[What is needed] Everything from the line that has "A badge showing" to the last line of the listing must be repeated exactly, and nothing more; omit the pictures.

[Dataset excerpt]
• • • •

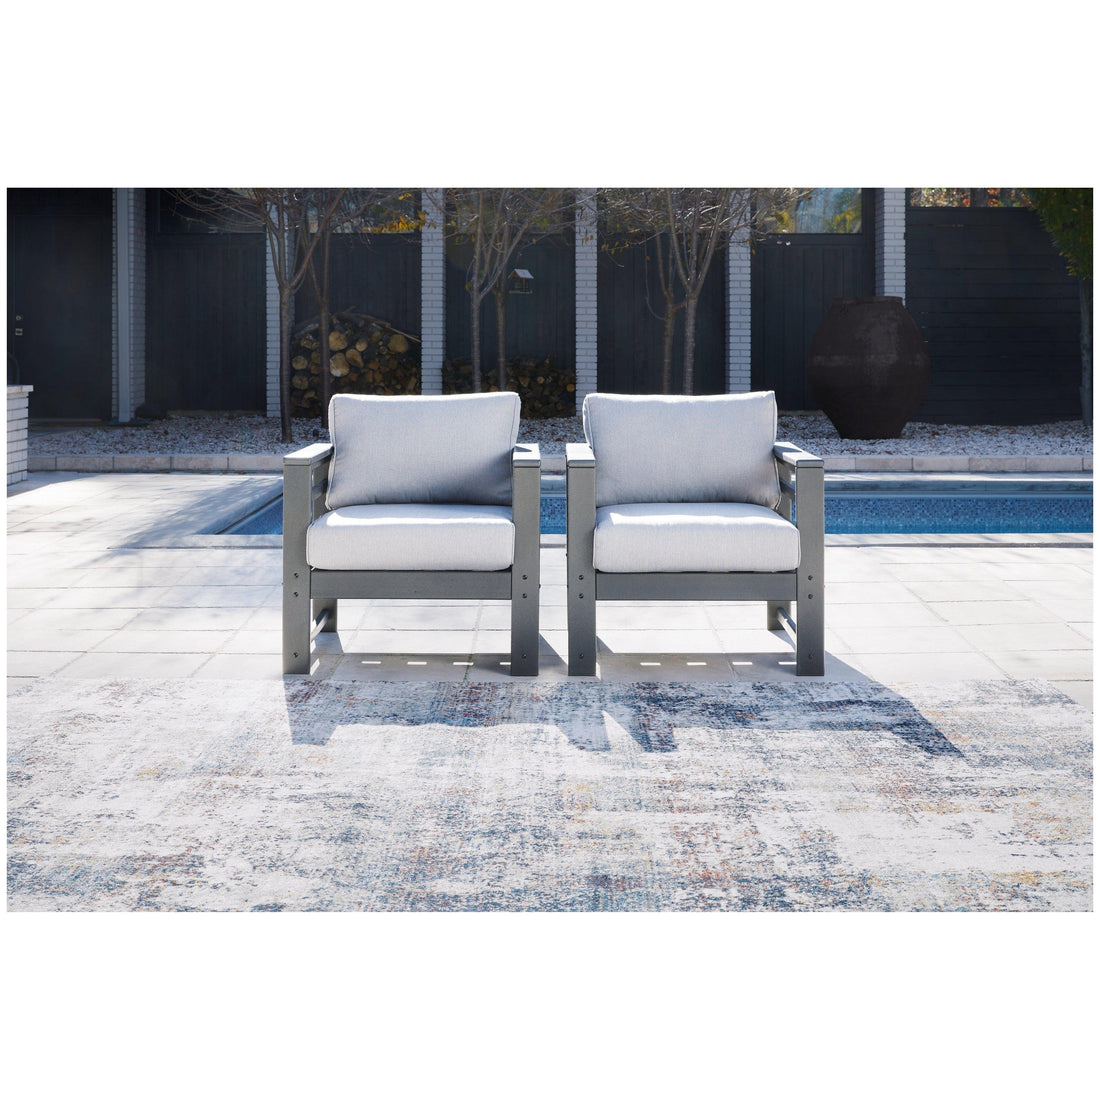 Amora Outdoor Lounge Chair with Cushion (Set of 2) Ash-P417-820
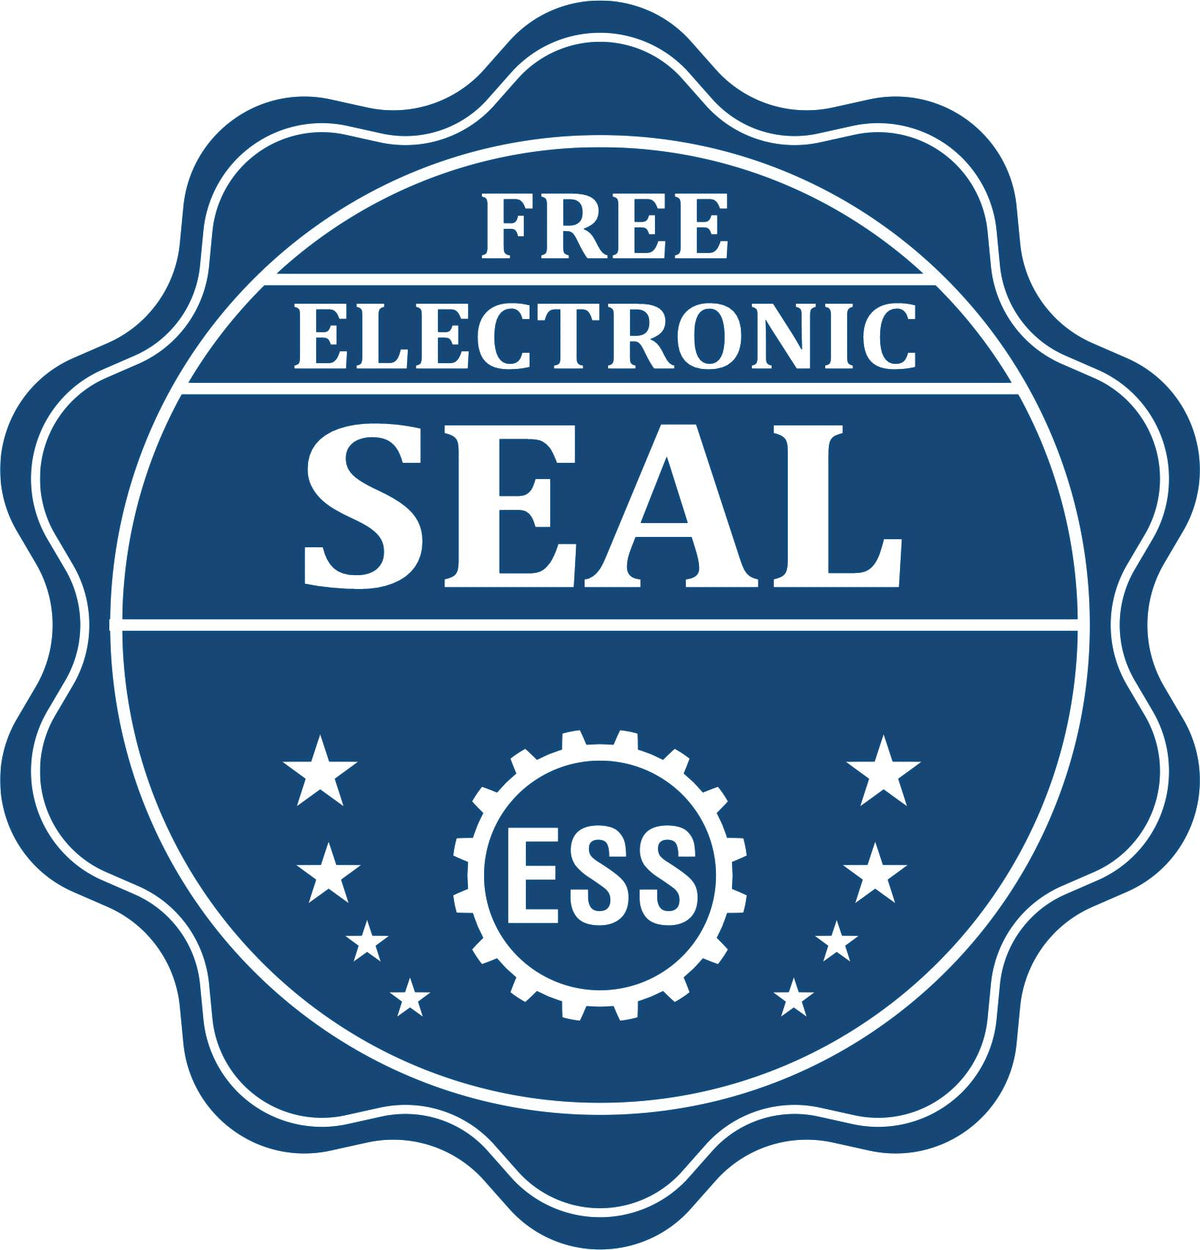 A badge showing a free electronic seal for the New York Desk Architect Embossing Seal with stars and the ESS gear on the emblem.
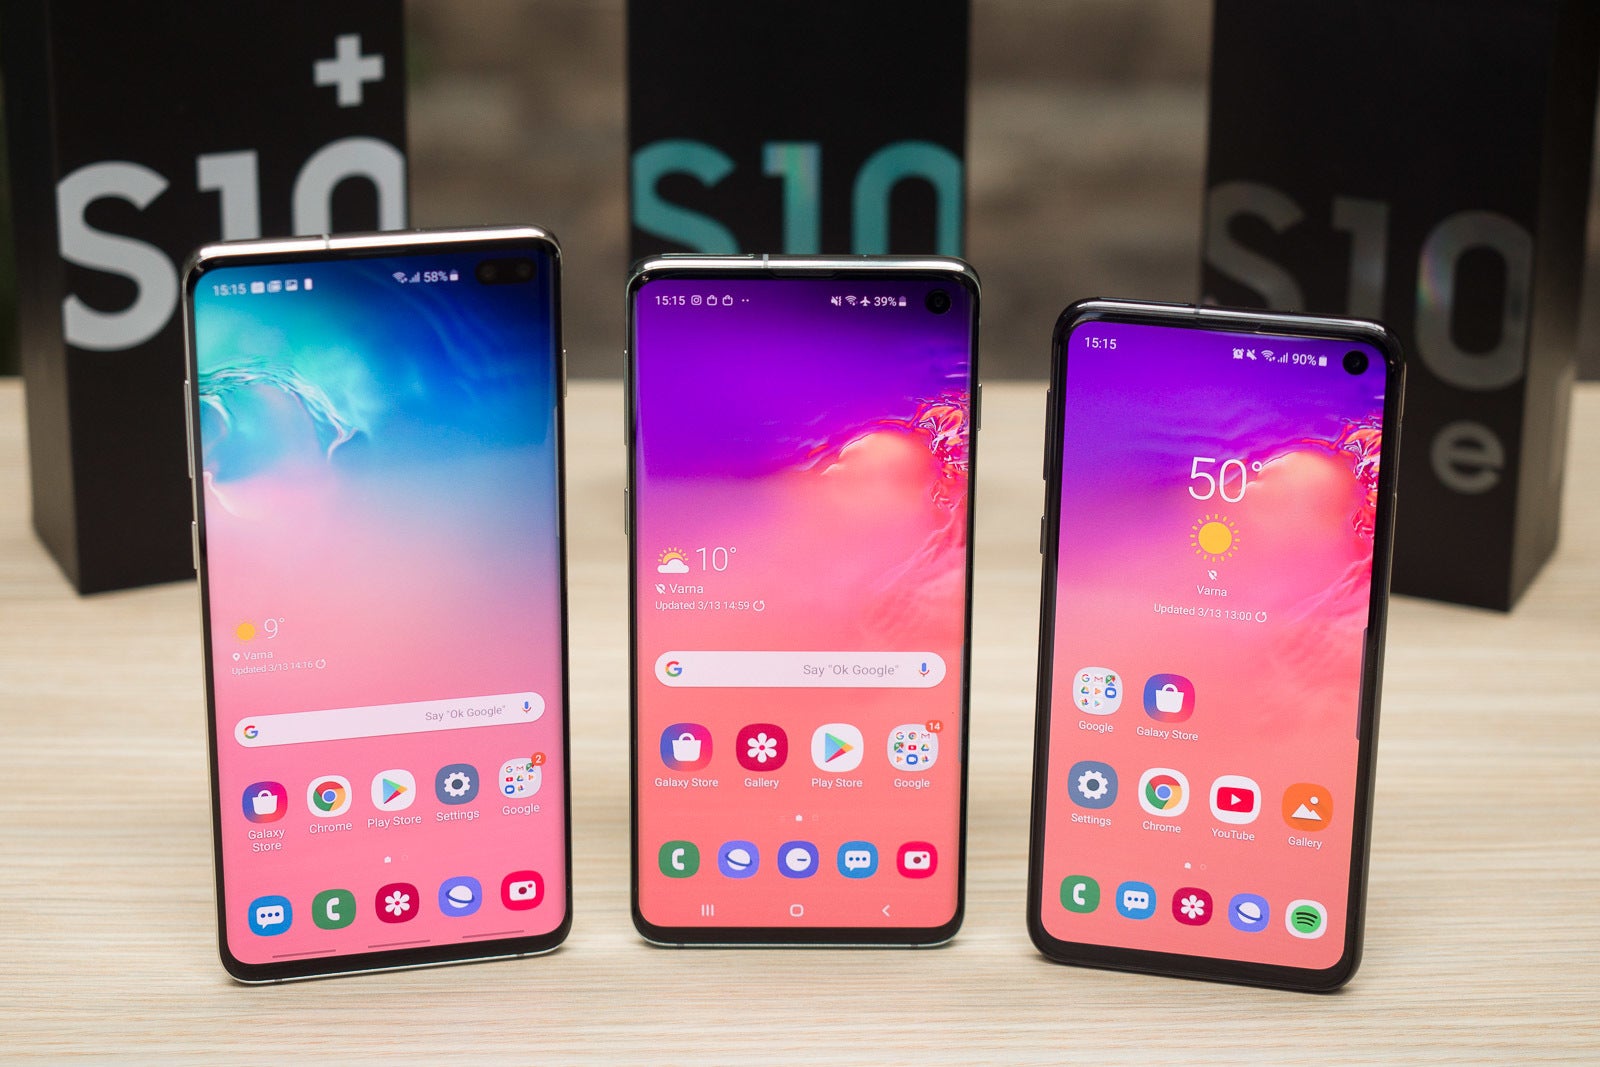 Samsung Galaxy S10, S10+, and S10e - Galaxy S10 sales are helping Samsung regain market share in China

• • • •

[Output below]
 A badge showing a free electronic seal for the New York Desk Architect Embossing Seal with stars and the ESS gear on the emblem.
 Samsung Galaxy S10, S10+, and S10e - Galaxy S10 sales are helping Samsung regain market share in China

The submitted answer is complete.